Depression is a Risk for Partners of Cancer Survivors
Depression and Cancer
A new study shows that partners of cancer survivors are susceptible to the same stresses as cancer survivors themselves over the long term, and in some cases, suffer more quality of life-related effects than survivors. The results of the study, which examined partners of cancer survivors who had undergone blood and marrow transplant (BMT) as part of their treatment, are being published online April 10 in the Journal of Clinical Oncology (JCO).
"These findings highlight the importance of addressing the needs of family members who care for cancer patients, and who may be suffering in silence," said Michelle M. Bishop, Ph.D., Research Assistant Professor, University of Florida, and the study's lead author. "We need to acknowledge that cancer occurs in the context of a family that is profoundly affected by the experience, and that needs intervention for their own well-being."

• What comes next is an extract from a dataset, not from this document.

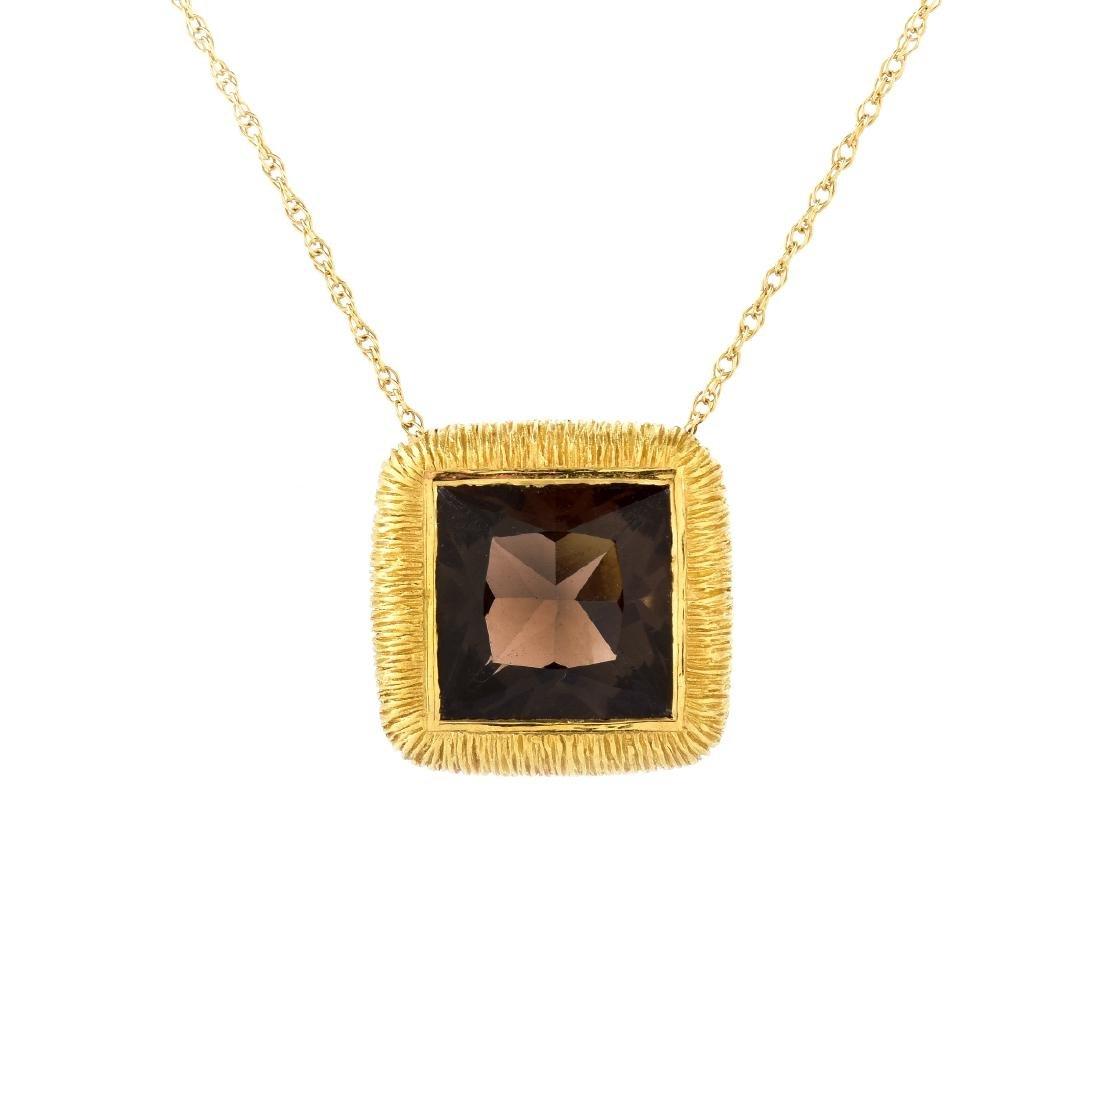 Smokey Quartz and 18K Gold Necklace

The study found that while partners of cancer survivors reported better physical health, less fatigue, and less cognitive dysfunction than cancer survivors, they experienced equal levels of mental health impairment. The study further found that while similar numbers of partners and survivors suffered from clinical depression (20% vs. 22%), depressed partners were less likely than depressed survivors to receive mental health treatment (34% vs. 58%). Partners also reported less social support, spiritual well-being, marital satisfaction, and more loneliness than survivors. In contrast to survivors, partners reported little "post-traumatic growth" (positive personal change occurring as a result of the cancer experience).
Previous research has found that the partners of cancer patients experience as much if not more anxiety, distress, and depression than patients themselves. However, this is the first study to examine the very long-term quality of life issues faced by partners of patients who have recovered from their cancer.

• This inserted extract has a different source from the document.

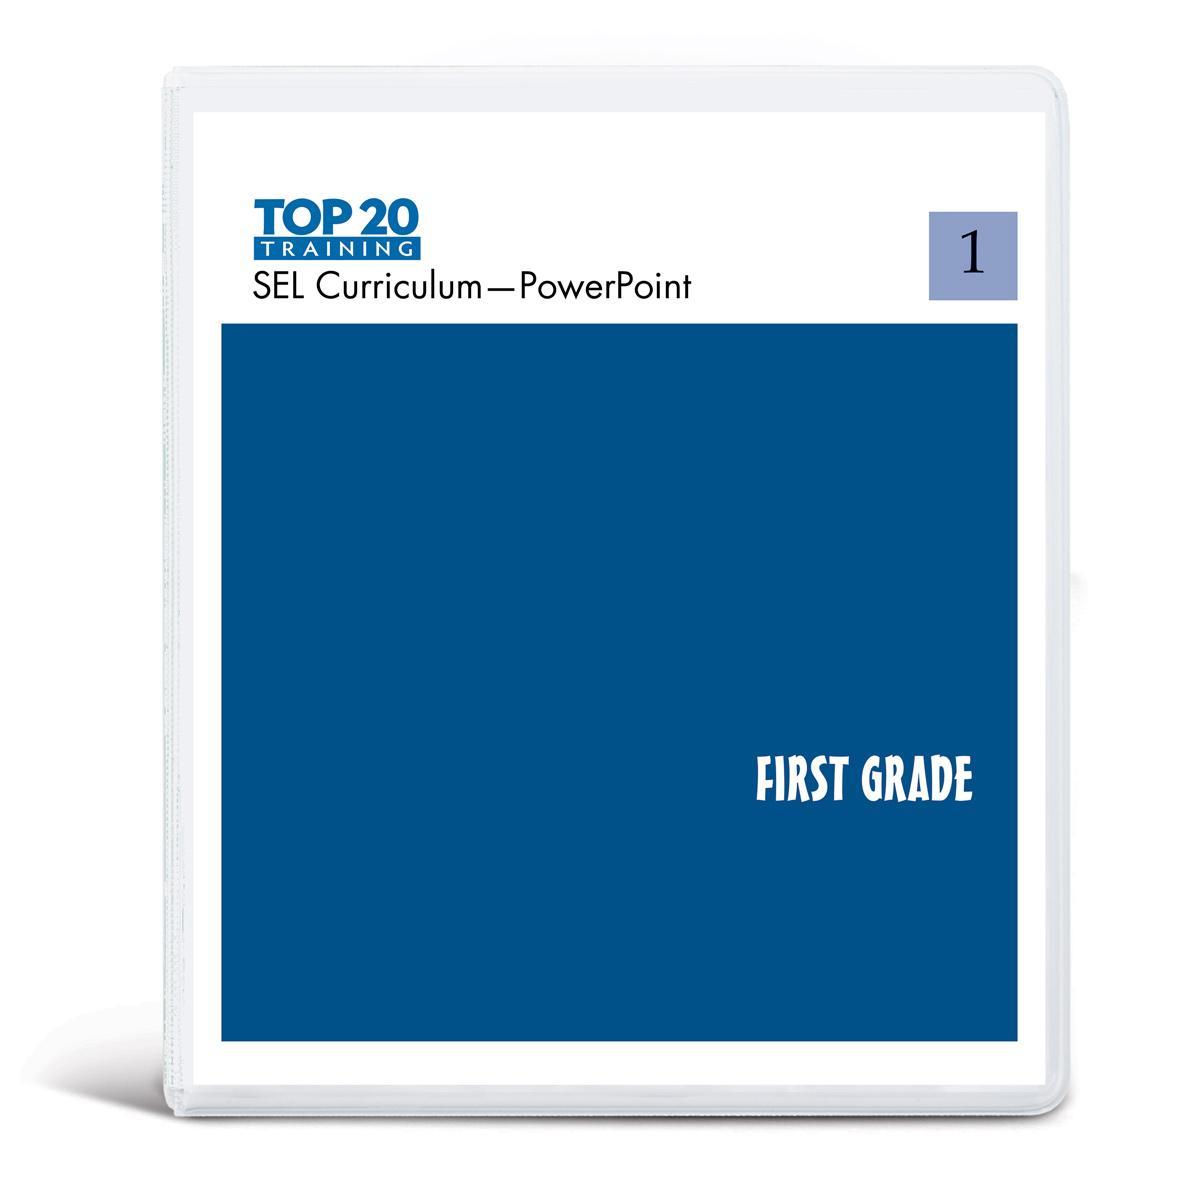 Top 20 teachers PowerPoint curriculum for first grade

The study evaluated 177 partner pairs who had been together since cancer treatment, which took place an average of seven years prior to the study. The pairs answered questions about their physical functioning and well-being, psychological adjustment, social functioning and marital adjustment, spiritual well-being, and post traumatic growth.

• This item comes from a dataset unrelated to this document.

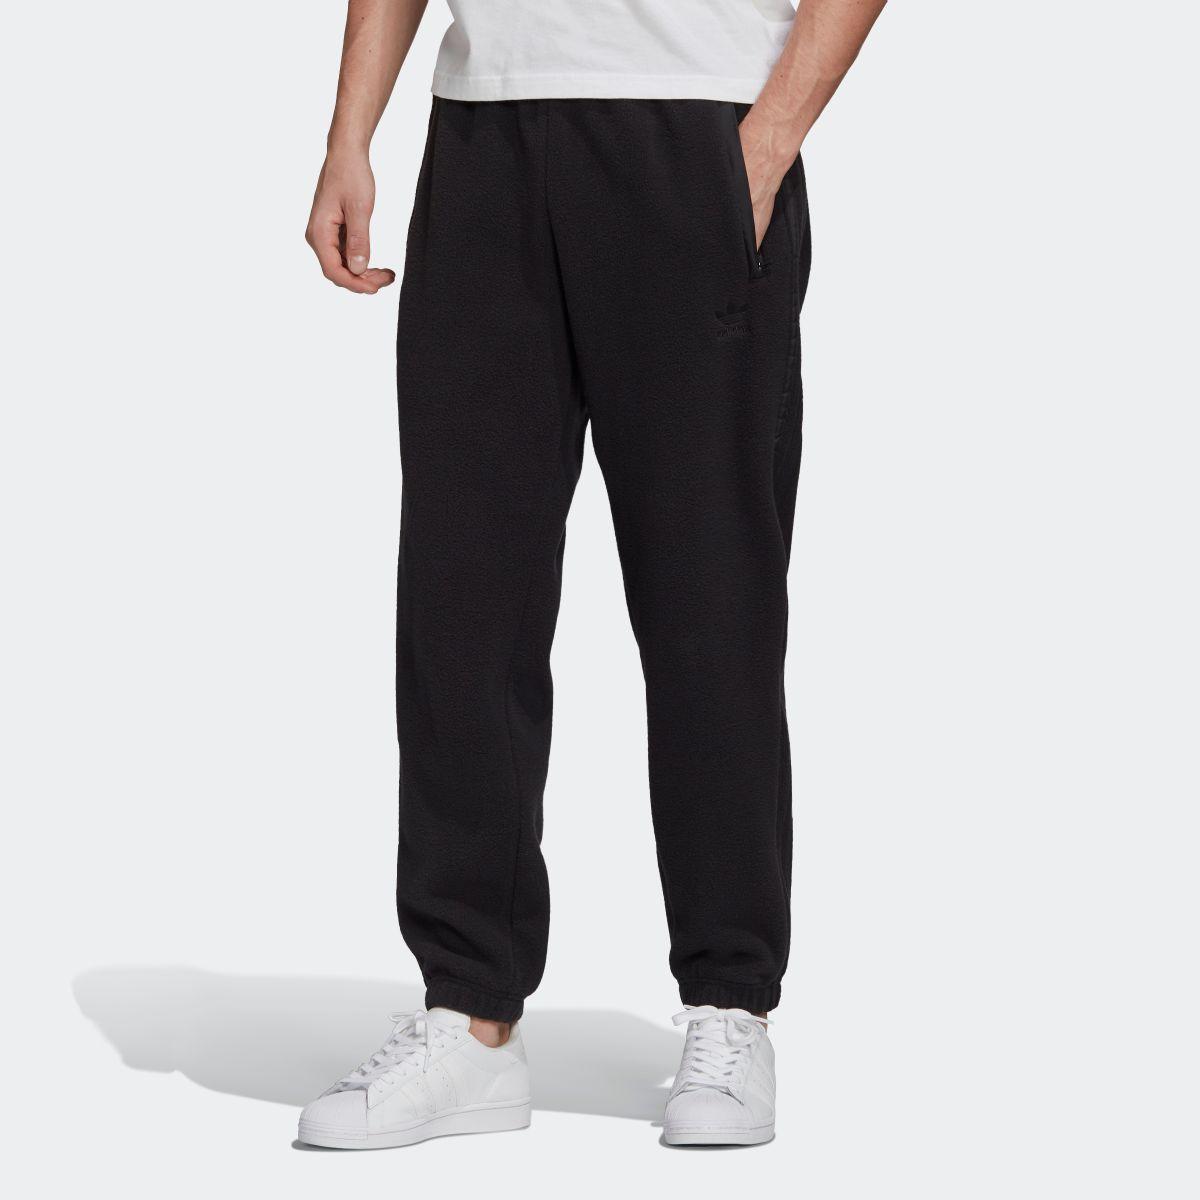 【公式】アディダス adidas ポーラーフリースパンツ / Polar Fleece Pants メンズ オリジナルス ウェア ボトムス パンツ,スウェット GD0004

Researchers focused on cancer survivors who had received BMT as part of their treatment because little is known about the long-term quality of life outcomes for these patients. BMT is used to treat an increasing number of cancers, and approximately 40,000 BMTs are performed each year.
"While we focused on partners of cancer survivors who received BMT, there is some evidence in the literature to suggest that the issues faced by the partners of other cancer survivors may be similar," added Dr. Bishop.